Copy out the lines beginning with the one that contains "Roblox Logo Evolution 2023" and ending with the last line below, exactly as they stand. Pictures are not copied.

· · · · · · ·

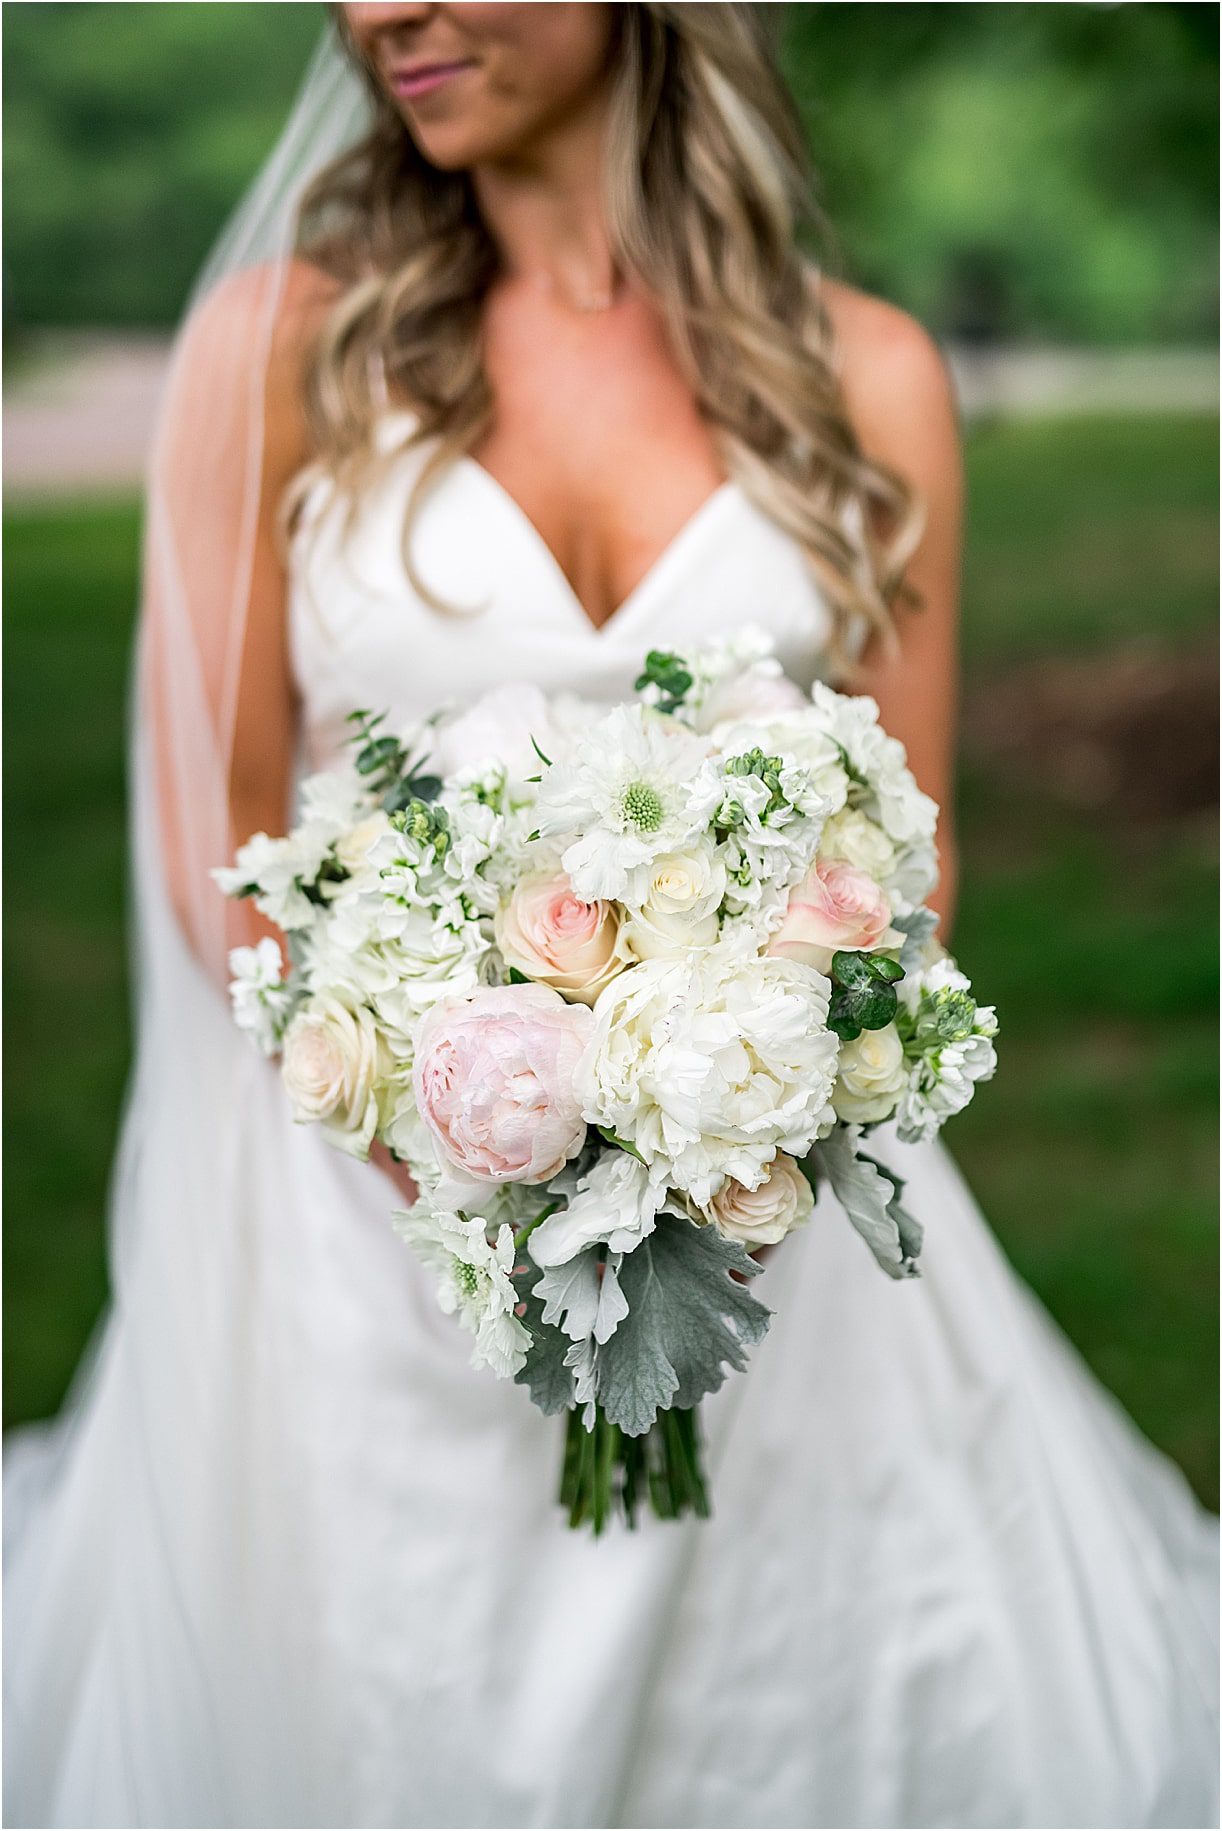 Bouquet | Drive In Wedding Ideas | COVID Wedding Ceremony Ideas | Hill City Bride Virginia Weddings
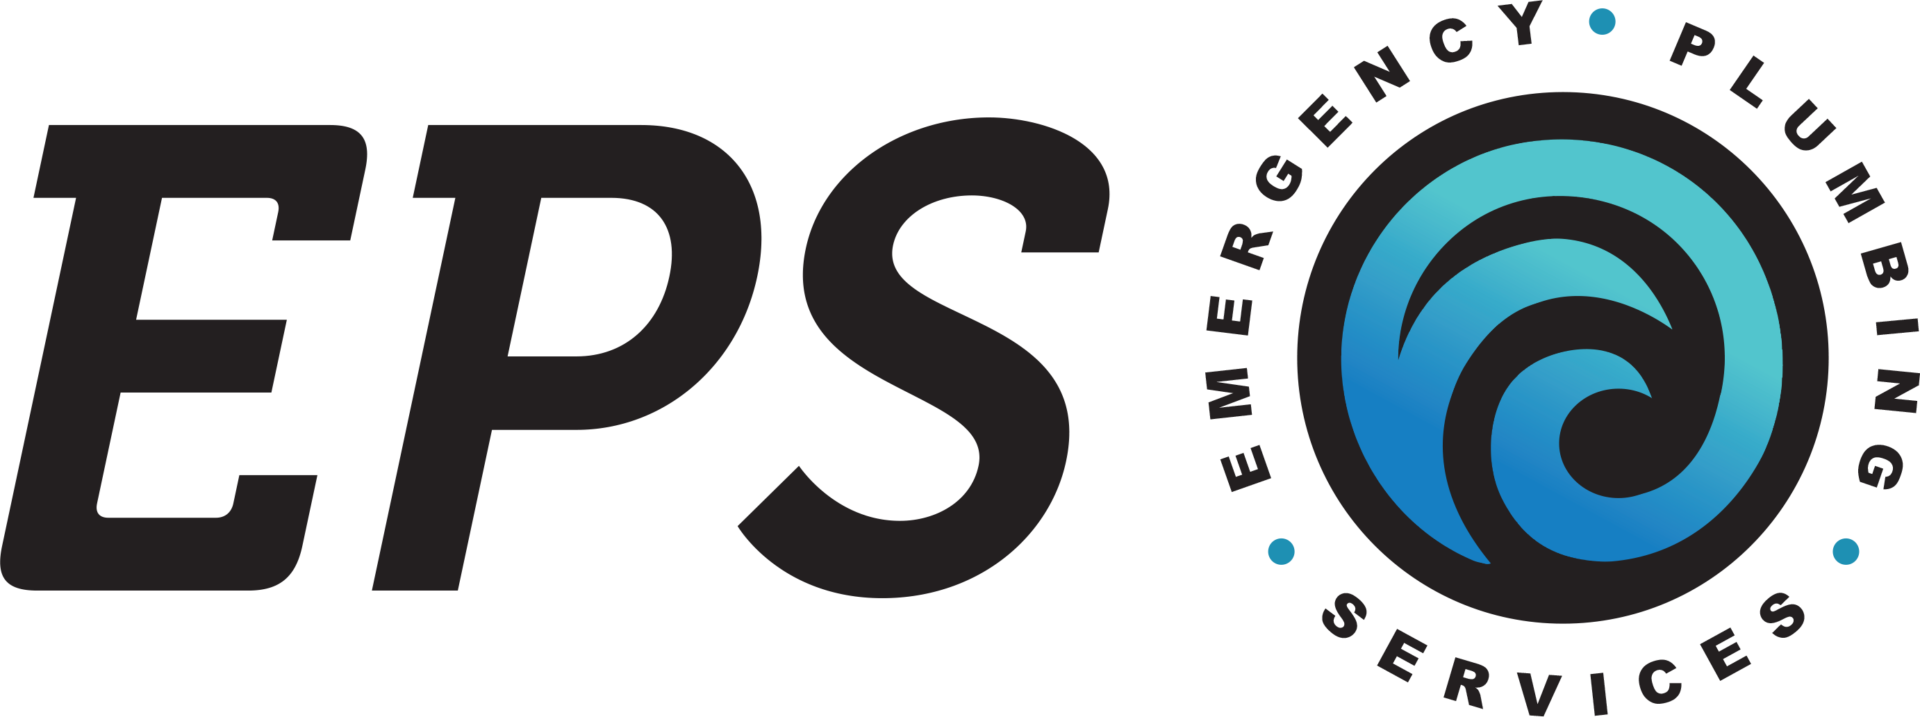 EPS-Logo
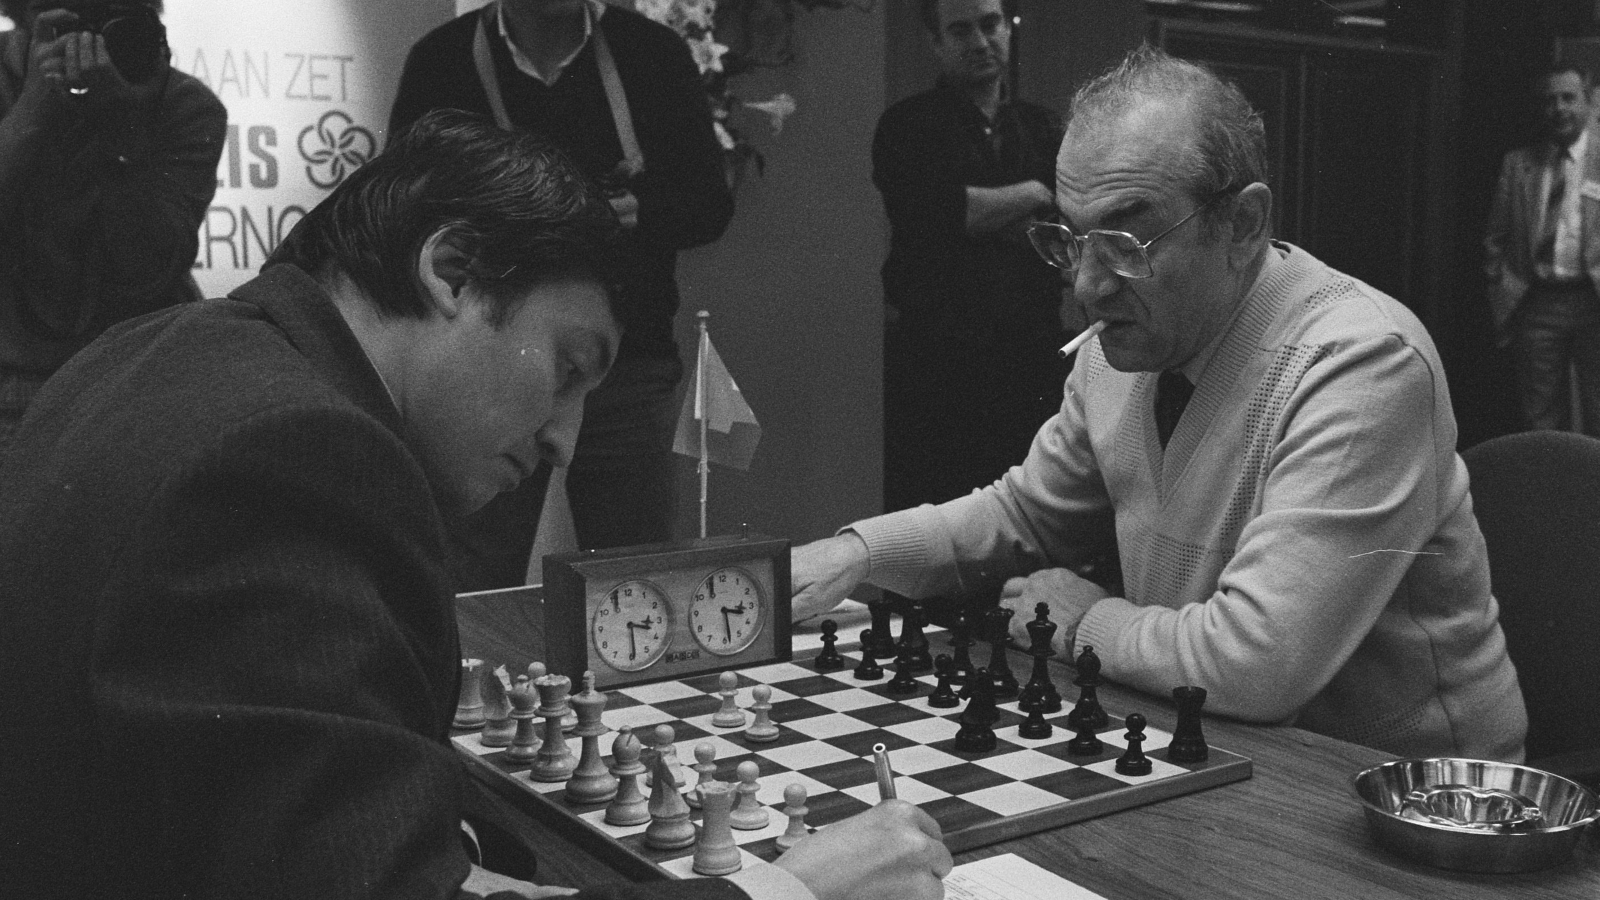 История чемпионов по шахматам. Карпов Корчной 1978. Корчной Карпов Багио 1978.
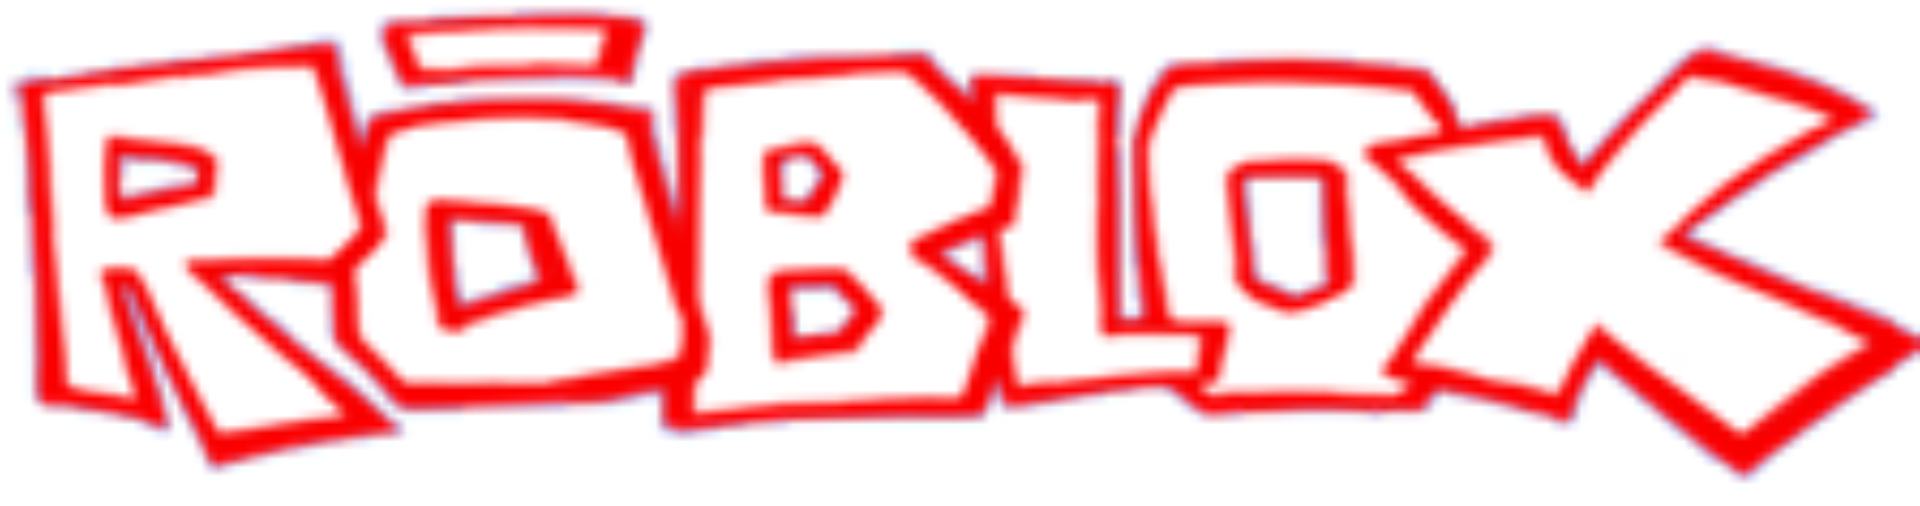 Roblox Logo Evolution 2023
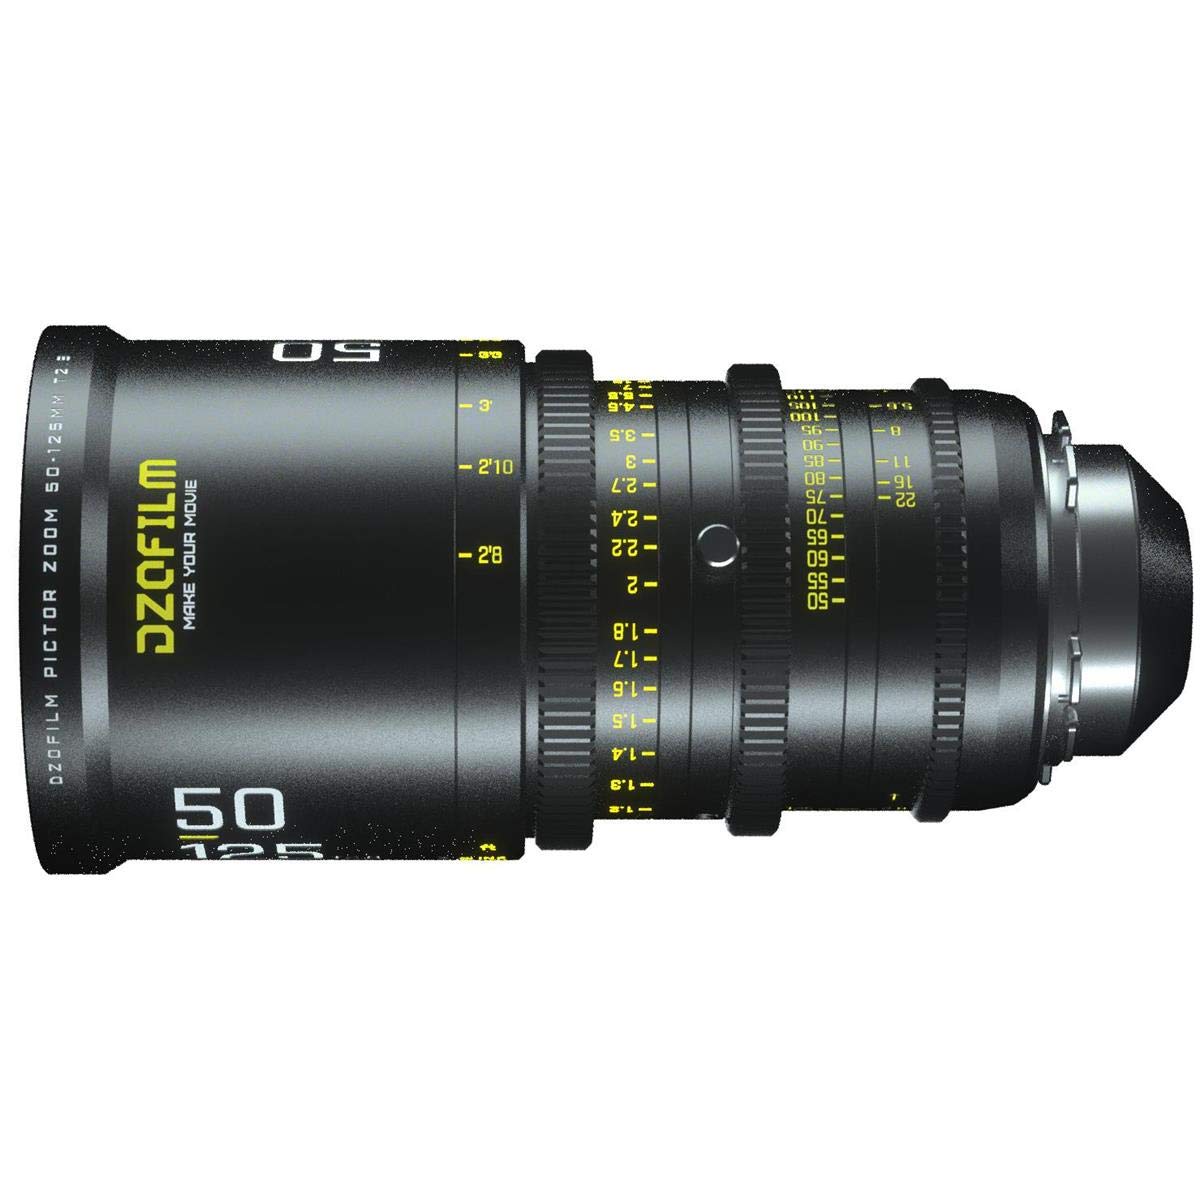 DZOFILM Pictor 50-125mm T2.8 Super35 Parfocal Cine Lens for PL Mount and Canon EF, Black

· · · · · · ·

[Written solution]
 Roblox Logo Evolution 2023
 DZOFILM Pictor 50-125mm T2.8 Super35 Parfocal Cine Lens for PL Mount and Canon EF, Black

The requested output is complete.